Clinical trial reg. no. NCT00001853, clinicaltrials.gov.
Article Information
Acknowledgments.The authors are grateful to Asahi Kasei Pharma for providing reagents for the Lucica GA-L assay, to Maxine Weissman of the NIH Clinical Center for careful execution of hemoglobin analysis by HPLC and electrophoresis, and to Rita Lapointe of the NIH Clinical Center for performing the fructosamine and GA assays.

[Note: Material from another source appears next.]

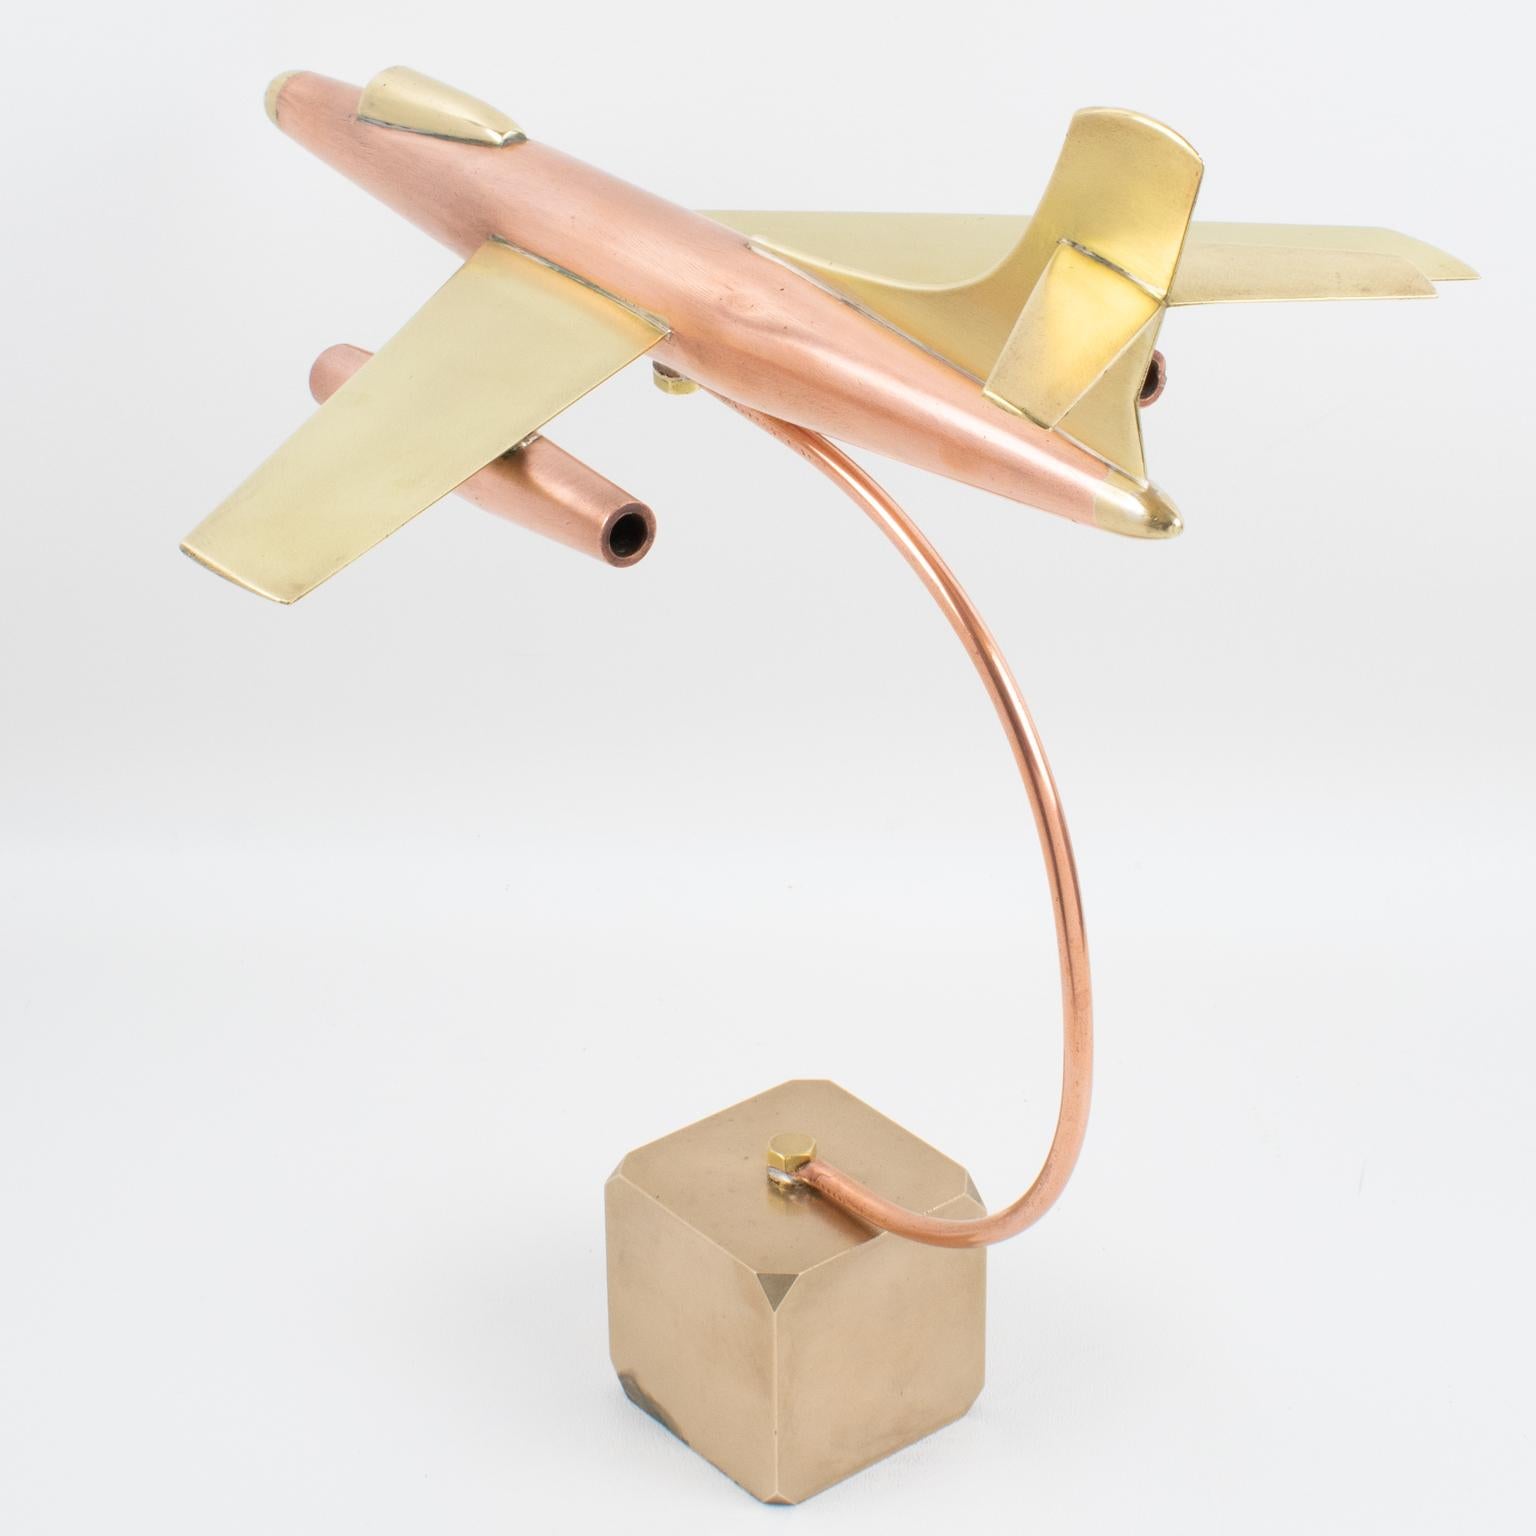 Mid-20th Century Brass and Copper Airplane Jet Aviation Model, France 1960s For Sale
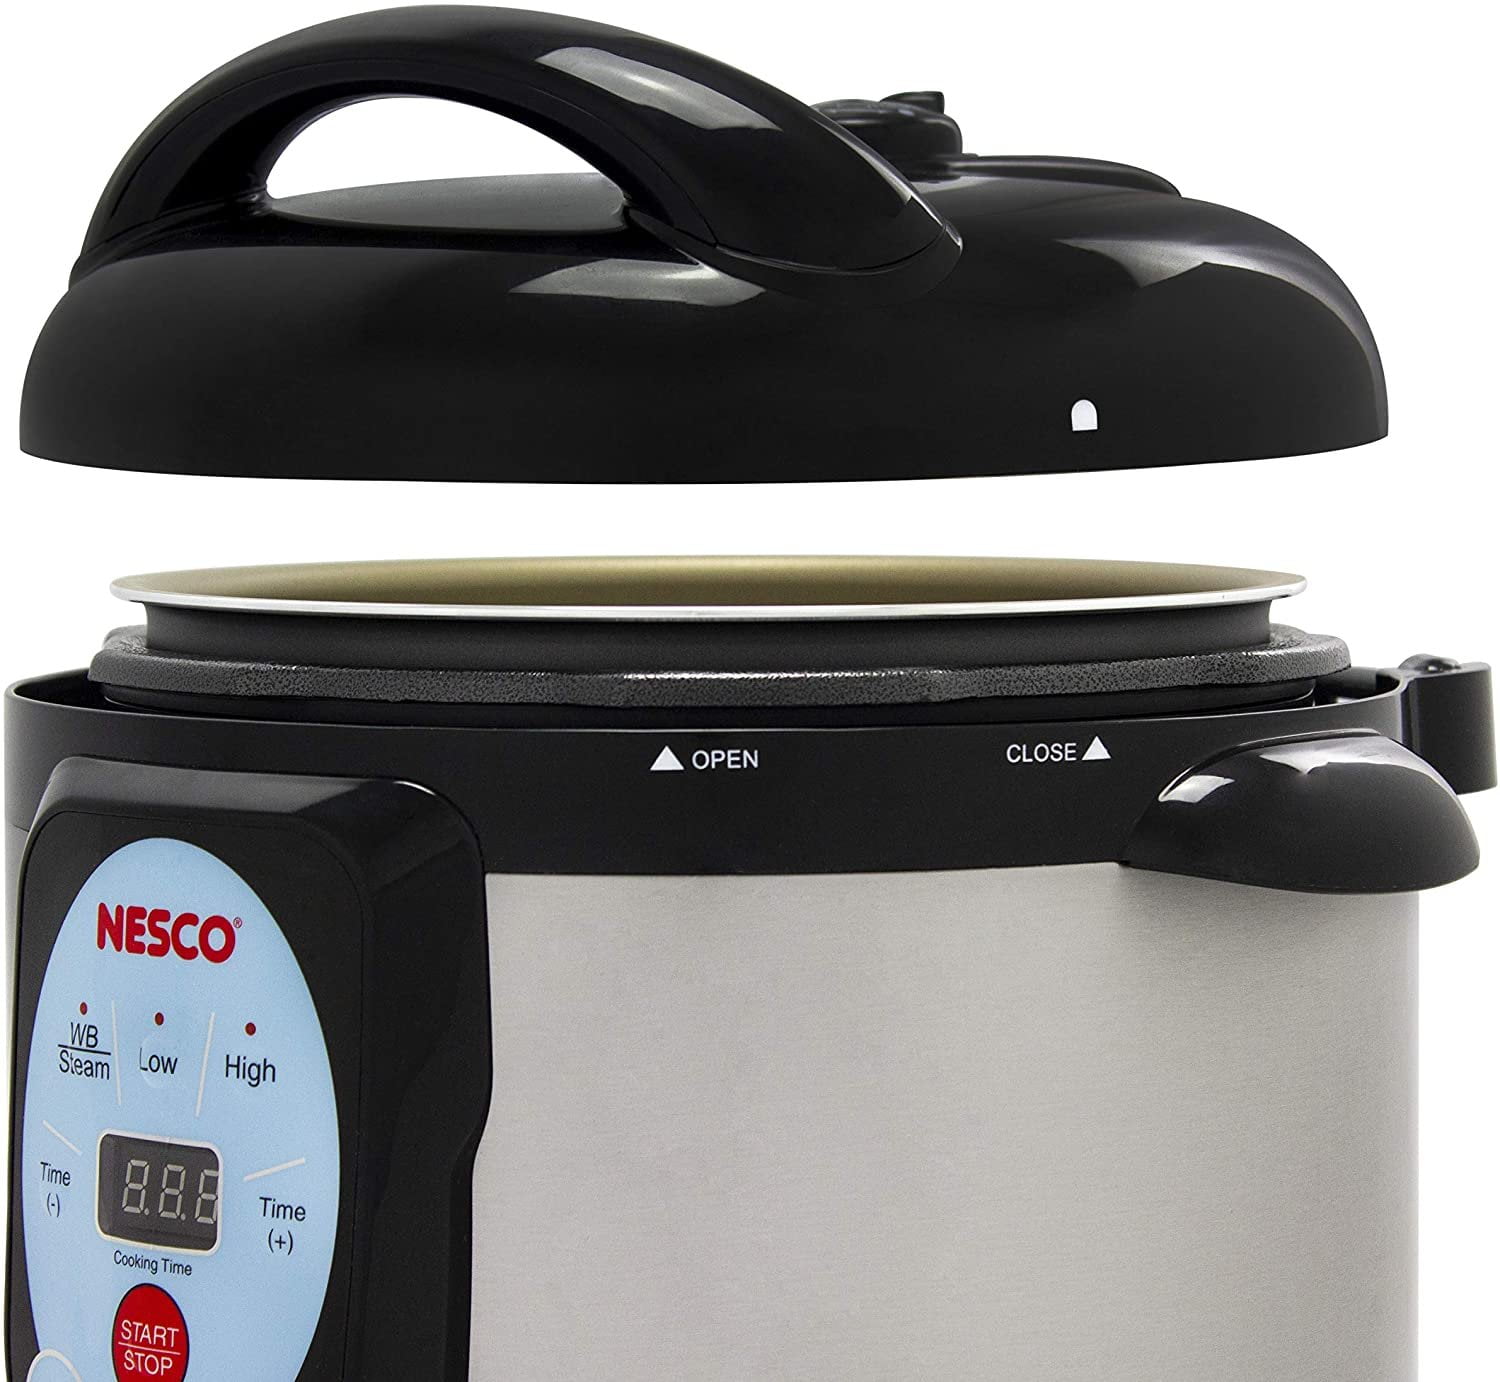 Is the Nesco Smart Canner Safe? - Stocking My Pantry

Funding.A.E.S., M.T.D., P.C.A., M.R., and S.T.C. were supported by the intramural program of National Institute of Diabetes and Digestive and Kidney Diseases, NIH. J.N.L. and D.B.S. were supported by the Intramural Research Program of the NIH Clinical Center.
Duality of Interest.No potential conflicts of interest relevant to this article were reported.
Author Contributions.A.E.S., M.T.D., P.C.A., M.R., and S.T.C. collected the data. A.E.S., M.T.D., P.C.A., M.K.T.-R., J.N.L., S.T.C., and D.B.S. analyzed the data. A.E.S., M.T.D., and D.B.S. wrote the manuscript. A.E.S., M.T.D., P.C.A., M.R., M.K.T.-R., J.N.L., S.T.C., and D.B.S. provided critical rewrites. A.E.S. is the guarantor of this work and, as such, had full access to all the data in the study and takes responsibility for the integrity of the data and the accuracy of the data analysis.
Prior Presentation. Parts of this study were presented in abstract form at the 75th Scientific Sessions of the American Diabetes Association, Boston, MA, 5–9 June 2015.